Stand => position, stall, state of the art, stand, state, situation, level, height, score, profession ausführen => export, carry out, take out einführen => import, introduce
Different inhouse usages / individual preferences
Altersheim => old people's home, old age pensioners' home
For IR this would be unproblematic as these are synonyms of each other. For MT it is relevant where an organization or company requests the usage of one of them.
Stand => position, state of the art, stand, state, situation, level fully (known,automatic) => (voll, vollkommen, genau) (bekannt, automatisch)
For human translators such equivalent variations are part of their daily work, for MT they cannot be formalized at all, except by statistical variation. They may be undesirable where consistency in terminology is demanded. Here MT and IR come together, as for both fields there have to be means to enforce a specific (inhouse) terminology, be it by means of a thesaurus or by giving preference to certain target language equivalents in the lexicon.

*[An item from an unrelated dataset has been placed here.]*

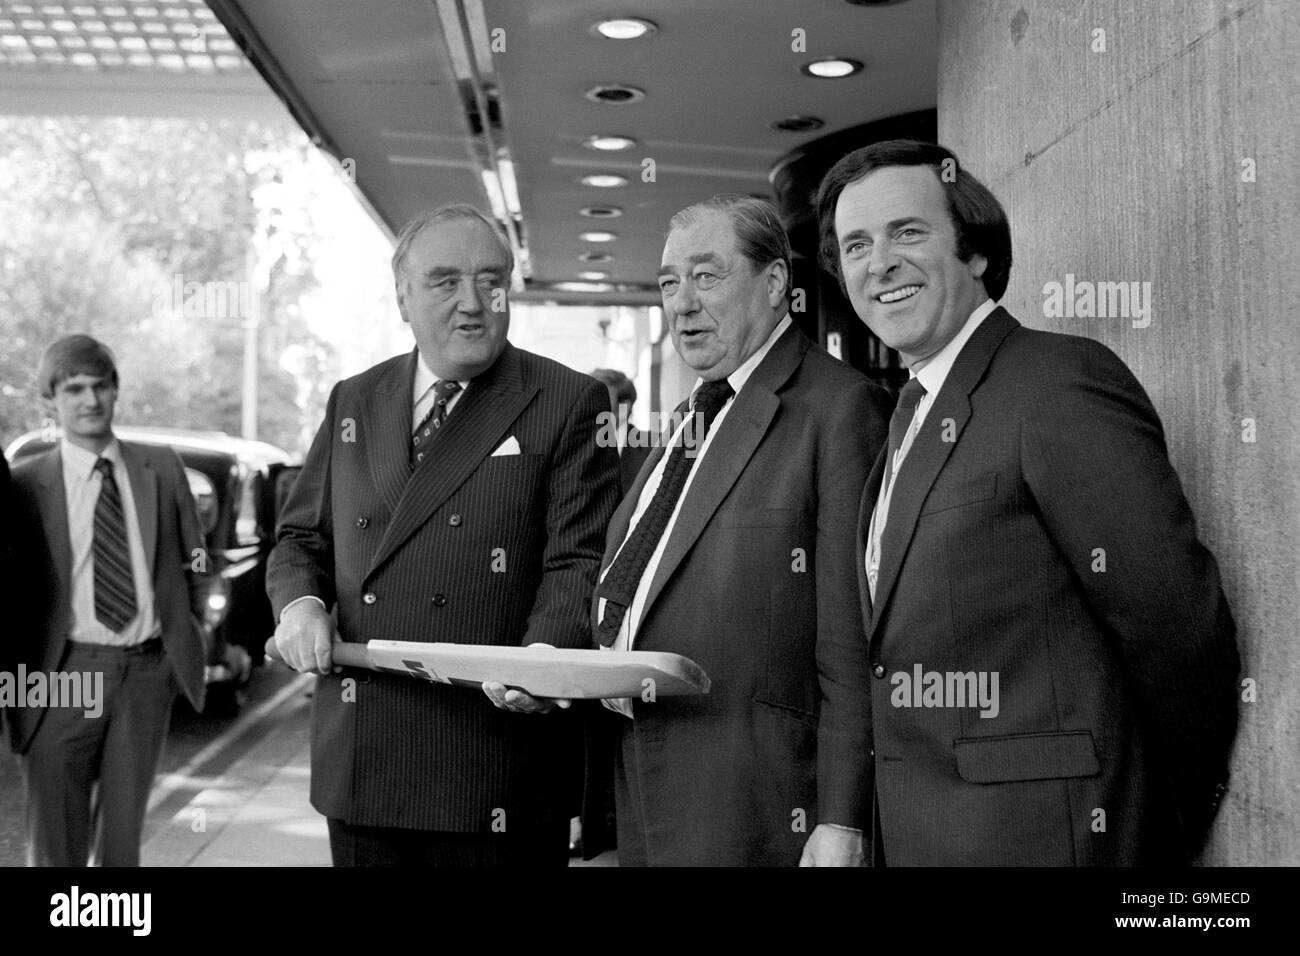 (L-R) Home Secretary Willie Whitelaw with two of the award winners, Sports Personality of the Year John Arlott and Radio Personality of the Year Terry Wogan Stock Photo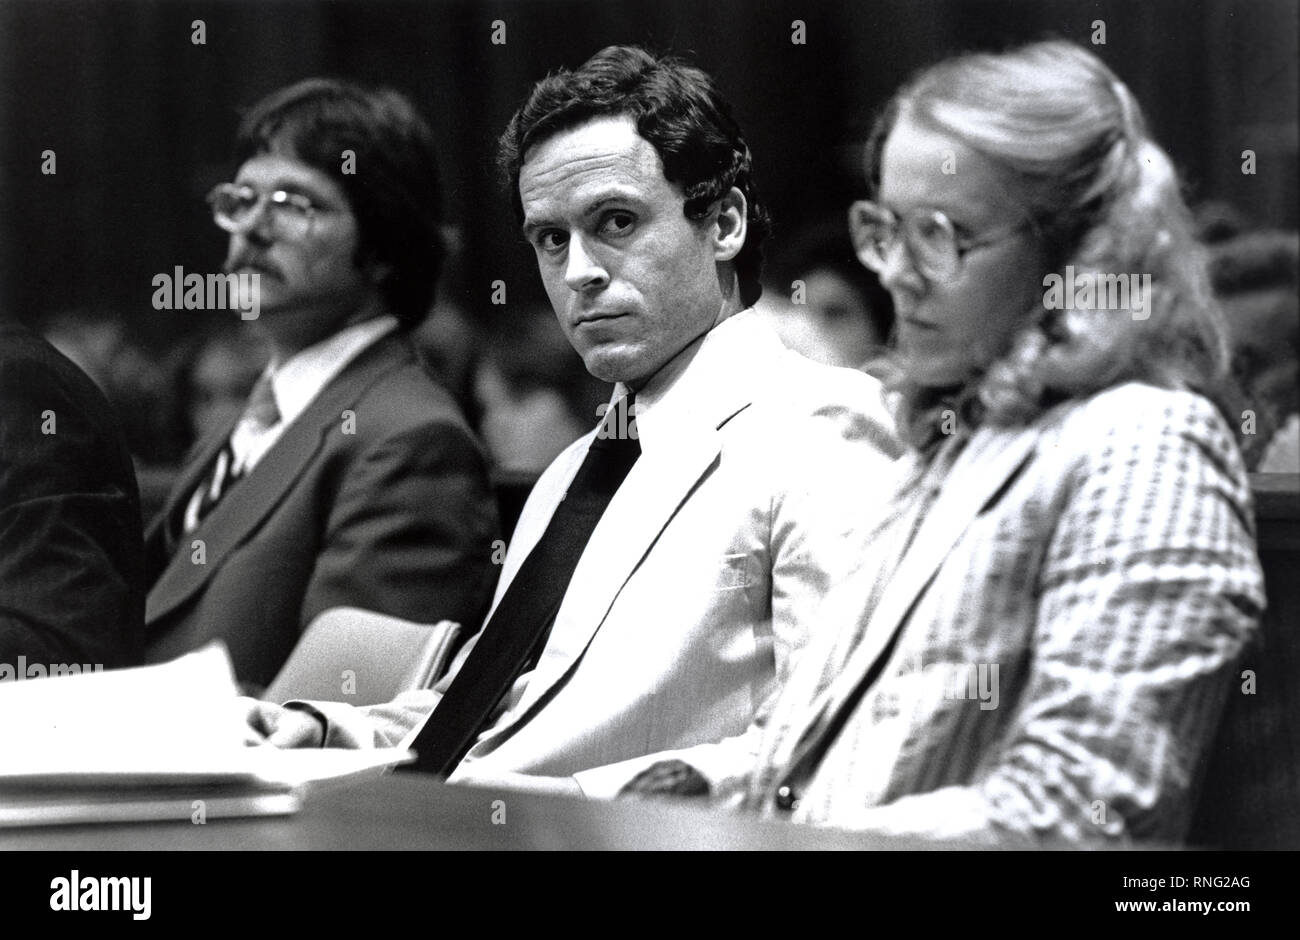 Ted Bundy Murder Trial - Miami - Ted Bundy with defense attorney Margaret Good at the defense table. Theodore Robert Bundy was an American serial killer, kidnapper, rapist, burglar, and necrophile who assaulted and murdered numerous young women and girls during the 1970s and possibly earlier. After more than a decade of denials, he confessed to 30 homicides that he committed in seven states between 1974 and 1978. Stock Photo

Besides inhouse usage, another criterion for the selection of equivalents may be the special field of the text translated / indexed. The problem here is setting up an appropriate classification for MT which will be discussed in more detail in a later chapter. A few examples may be useful here:
The term ‚Eingriff‘ (= operation, interference) in medical texts probably means ‚operation‘ though there can be no certainty that ‚interference‘ is not meant.
import (economy) einführen < introduce (general) export (economy) ausführen < carry out (general) dissolve (chemistry) lösen < solve (general) unit (computer technology) Anlage < investment (banking)
This problem may be approached by ranking and not eliminating equivalents by comparing the subject field codes and keeping the lower ranking equivalents for a post-editor. This strategy was followed in various projects working with the SUSY system. It is described in the chapter on sublanguage.